ANDERSON: There was no evidence for these claims. Still, recent data shows that nearly 60% of Trump supporters believe it. But NPR analyzed the court documents of more than 280 people charged in the Capitol riot. And we found that many of the rioters themselves are fighting against the claim. In fact, some rioters seemed annoyed that antifa was getting the credit. One man wrote on Facebook, quote, "Don't you dare try to tell me that people are blaming this on antifa. We proudly take responsibility for storming the castle."
Many clearly viewed antifa as a key enemy. Some said they brought weapons to the Capitol to fight antifa. Randy Blazak, the chair of the Oregon Coalition Against Hate Crimes, says the chatter on 4chan ahead of the riot wasn't just about stopping the steal.
RANDY BLAZAK: There was also this notion that if you come to Washington, not only do you have a chance to stop the steal, you'll get so bulldoze your way through the antifa folks who are there hand in hand with Congress. So it was kind of a bonus.
ANDERSON: Blazak says this recent focus on antifa largely came out of last summer's protests against police brutality in cities across the country.
BLAZAK: They point to places like Portland as being hotbeds of left-wing activism and the way Portland went over the summer as sort of a future vision of what's going to happen to America in their mind.
ANDERSON: Antifa became a simplification of all the different perceived enemies on the left.
BLAZAK: And so they have been used sort of as a boogeyman, and it serves them well because it rallies people.
ANDERSON: Rumors spread, even before January 6, that antifa would be in D.C., too. One man charged in the riot told others to dress in black like antifa, presumably to confuse members of the far-left group. Another man claimed they had infiltrated antifa's ranks ahead of the event. But experts say this warlike rhetoric is not how antifa works.
MARK BRAY: Antifa is not one specific group. I often liken it to feminism. There are feminist groups, but feminism itself is not a group.
ANDERSON: That's Mark Bray, a historian who wrote a book on antifa.
BRAY: It's a kind of ideology or political tendency that any group of people can put into action. There's no chain of command.
ANDERSON: Data shows attacks by far-left groups like antifa make up a small percentage of all domestic terror attacks. Bray says media coverage of antifa has framed it as the exact opposite in terms of severity of far-right extremist groups, which just isn't true.
BRAY: I see that notion coming primarily from the political center and from liberal media, which seeks to demonize what they consider to be the extreme left and the extreme right.
ANDERSON: In the January 6 court documents, rioters talked not only about antifa as an enemy, but also communists, Democrats, the quote, "deep state" and in particular, Black Lives Matter protesters. Shirley Jackson, a professor of sociology at Portland State University, says that also has its roots in last summer's protests.
SHIRLEY JACKSON: The media was not always making it clear that the things that were occurring were not always about Black Lives Matter.

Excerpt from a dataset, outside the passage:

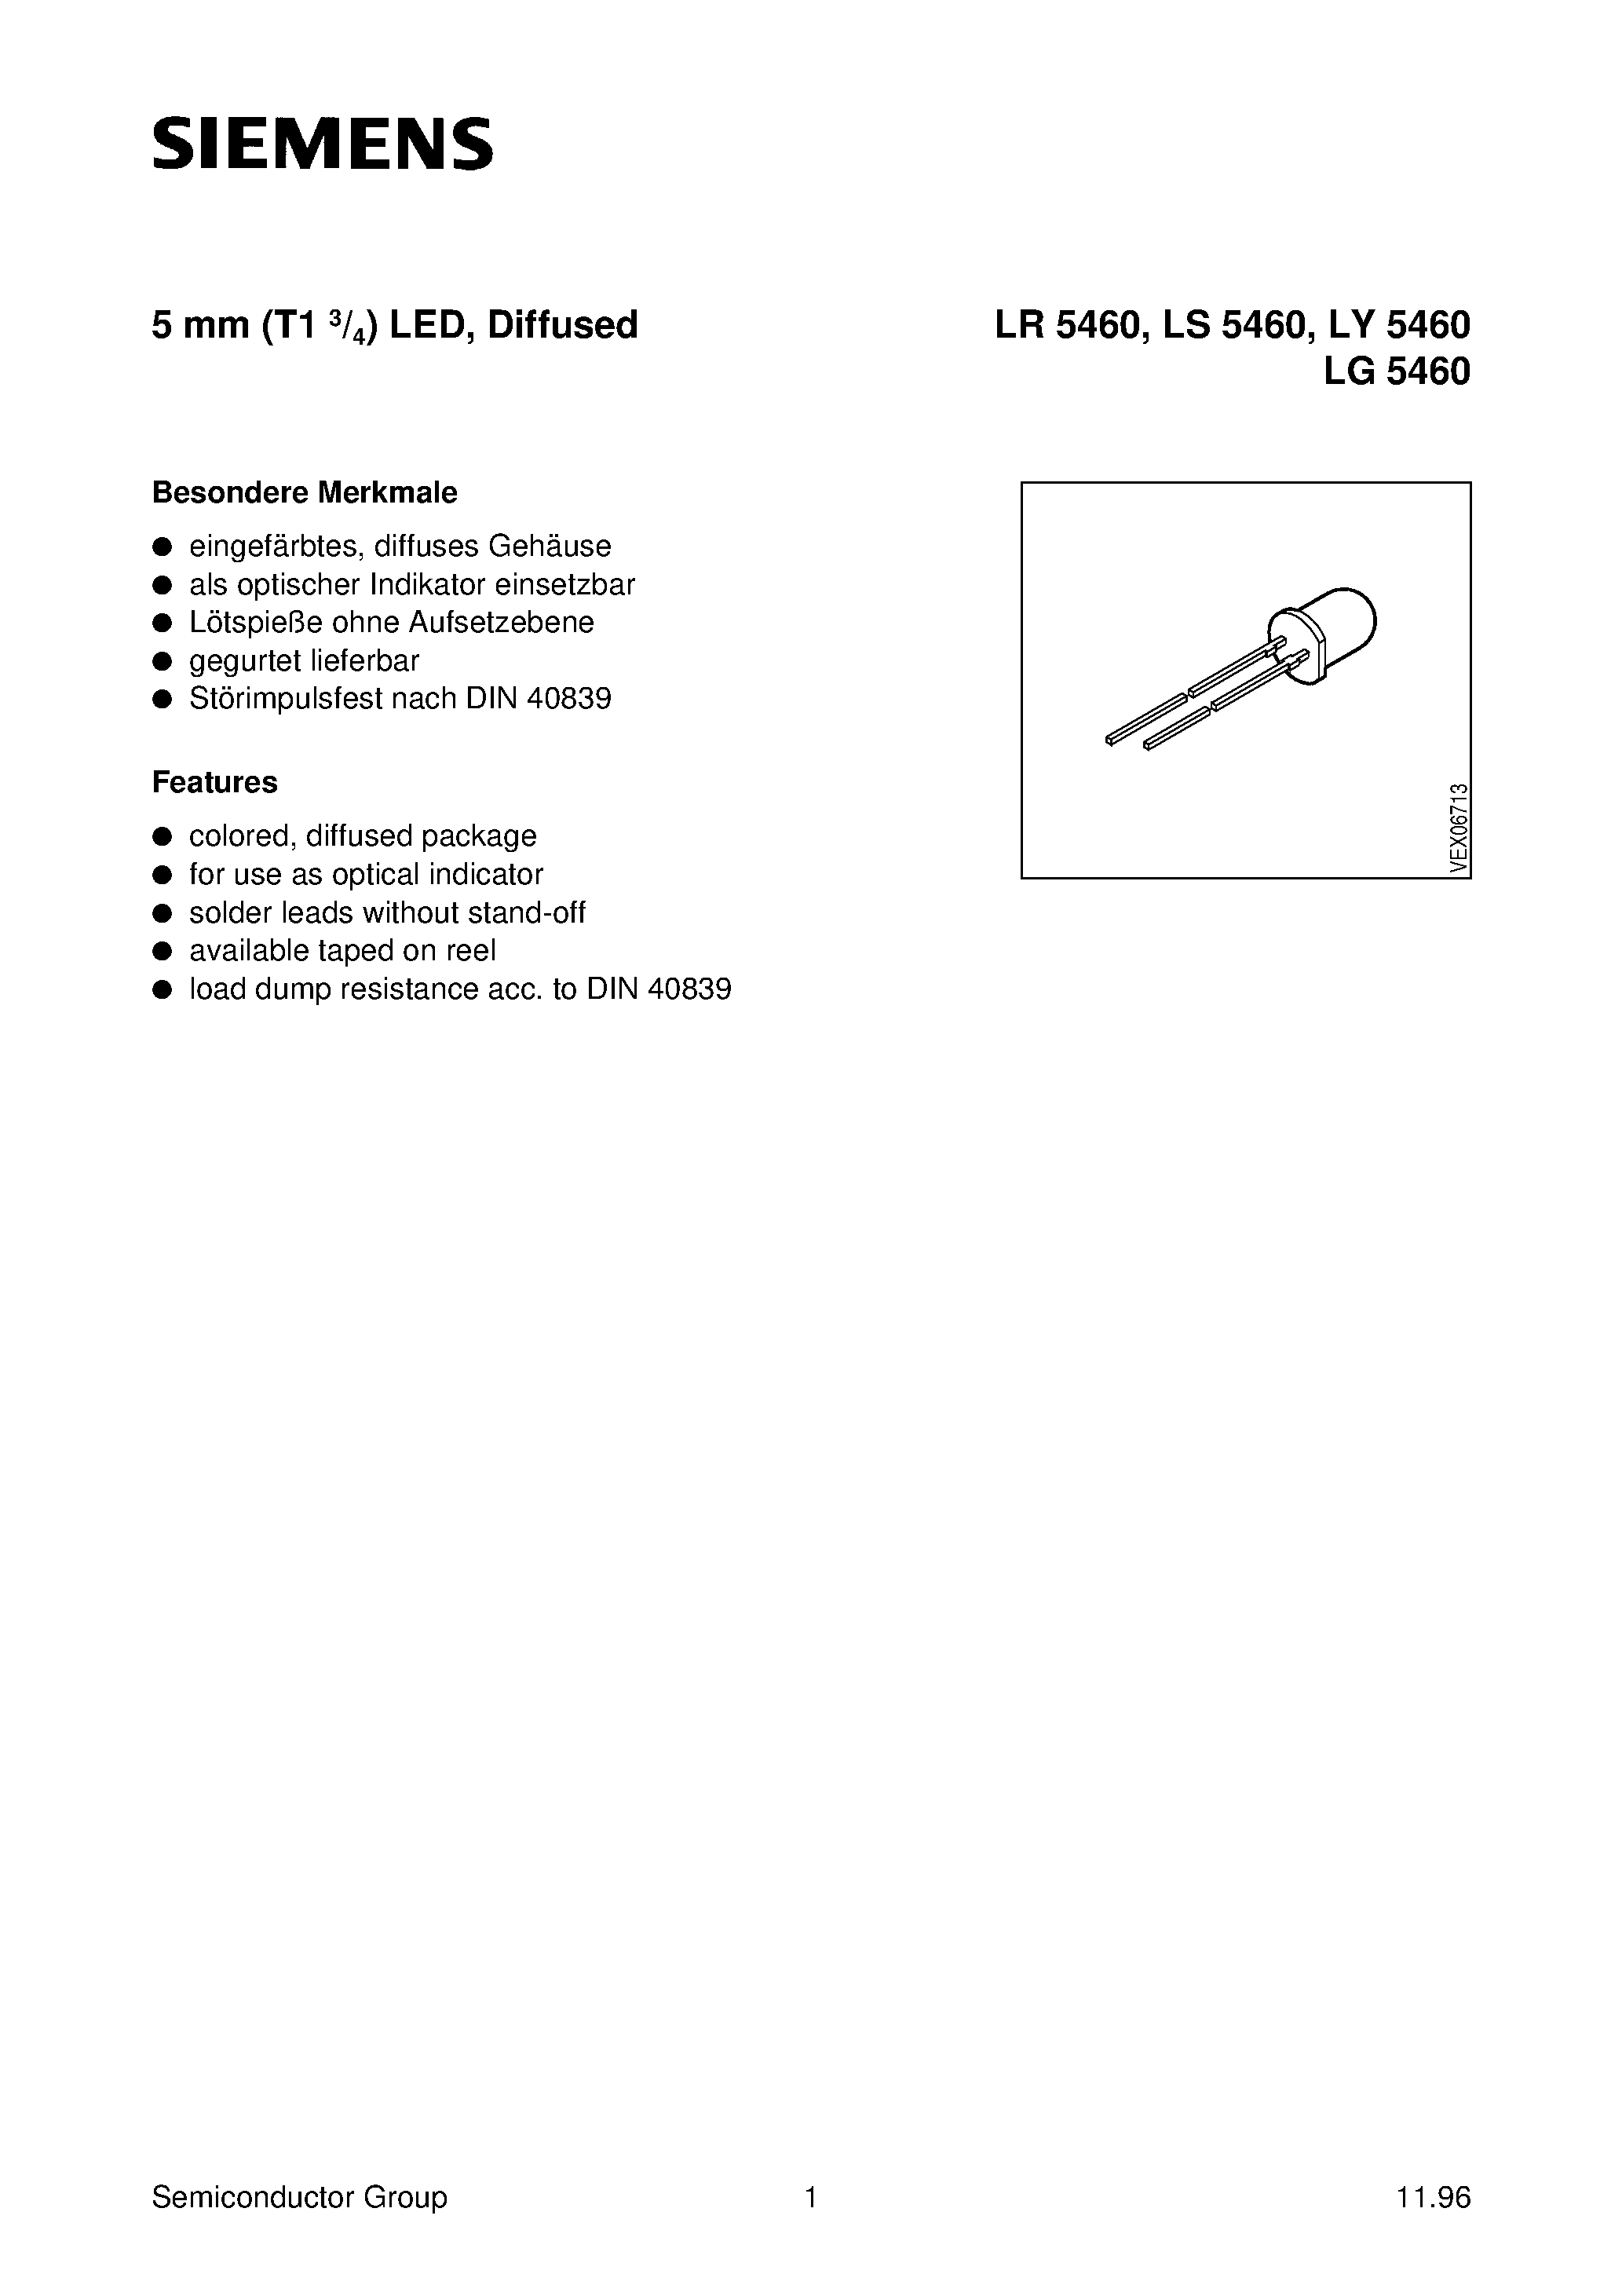 Datasheet LY5460-K - T1 (5mm) LED LAMP page 1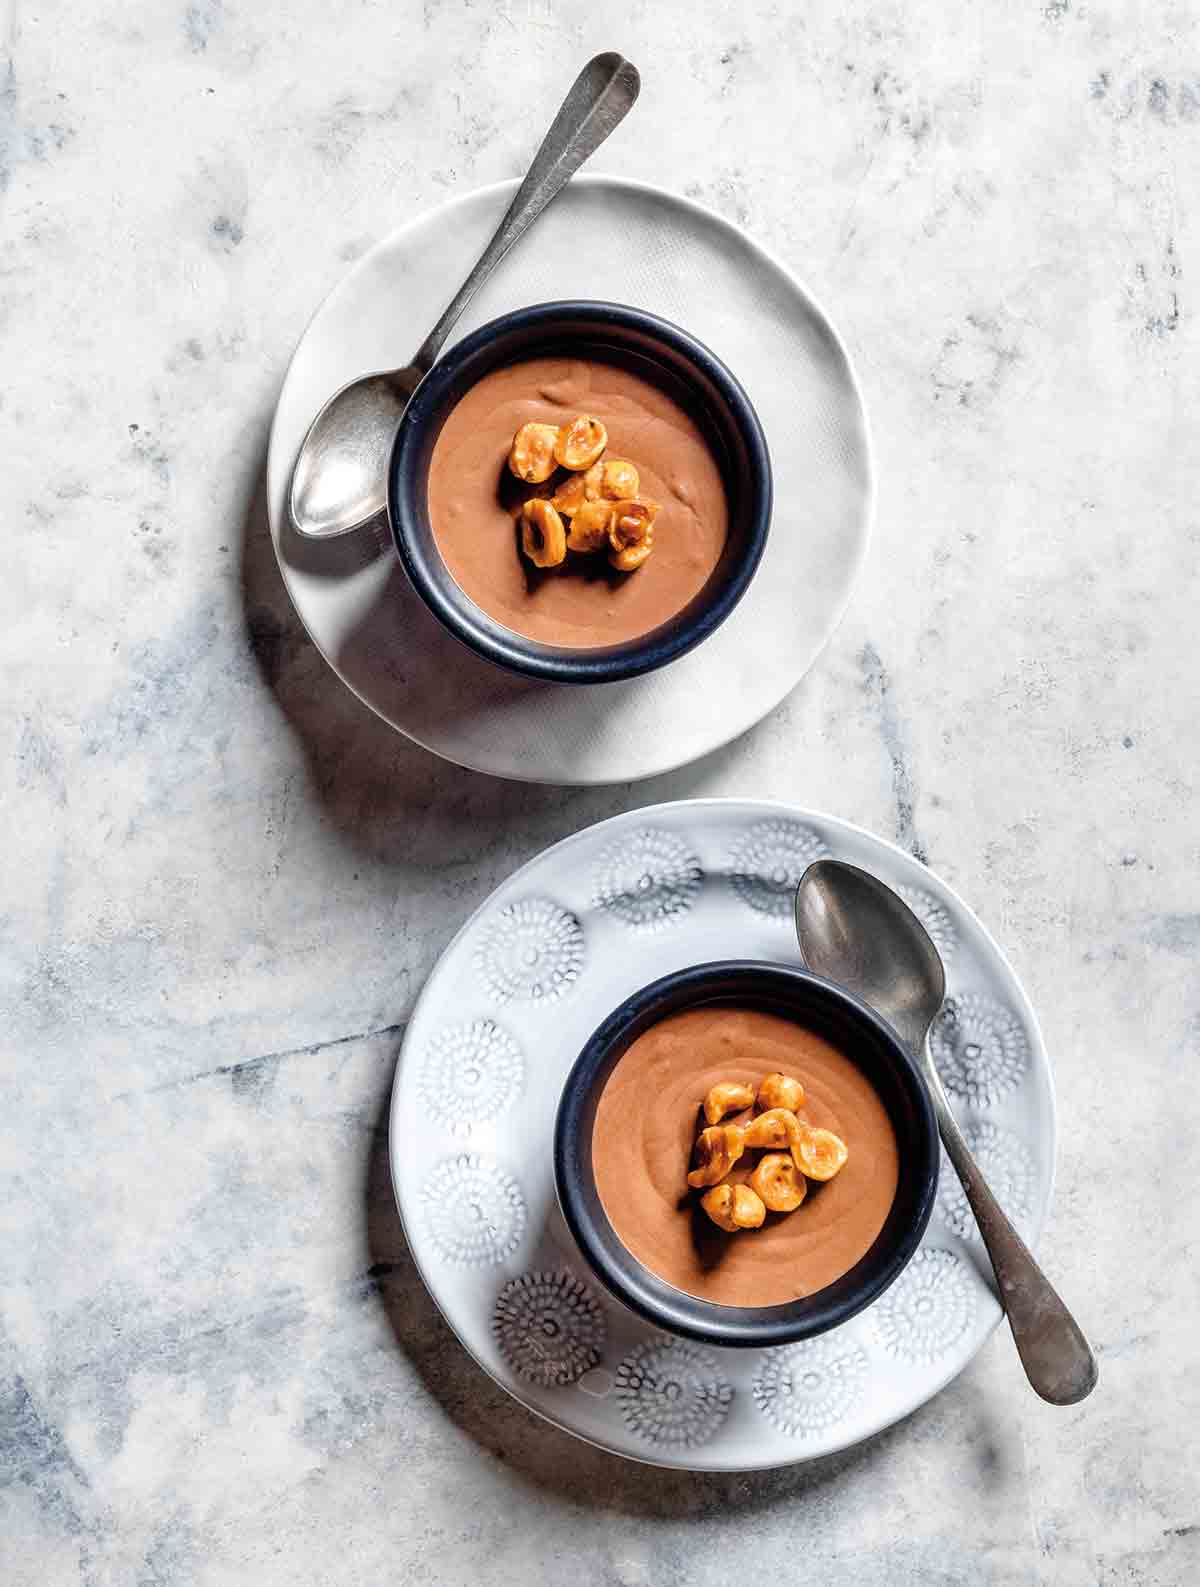 Två skålar fyllda med chokladmousse och kanderade hasselnötter ovanpå, sittande på tallrikar med en silversked på sidan av varje skål.

ANDERSON: She says that served to demonize the Black Lives Matter movement, and far-right groups capitalized on that.
JACKSON: They were aware that this would also turn the tables, if you will, on support for Black Lives Matter. It means that they can have a clear sense of the enemy.
ANDERSON: And once the enemy is clear, it becomes easier to deflect responsibility away from who is really to blame.
Meg Anderson, NPR News.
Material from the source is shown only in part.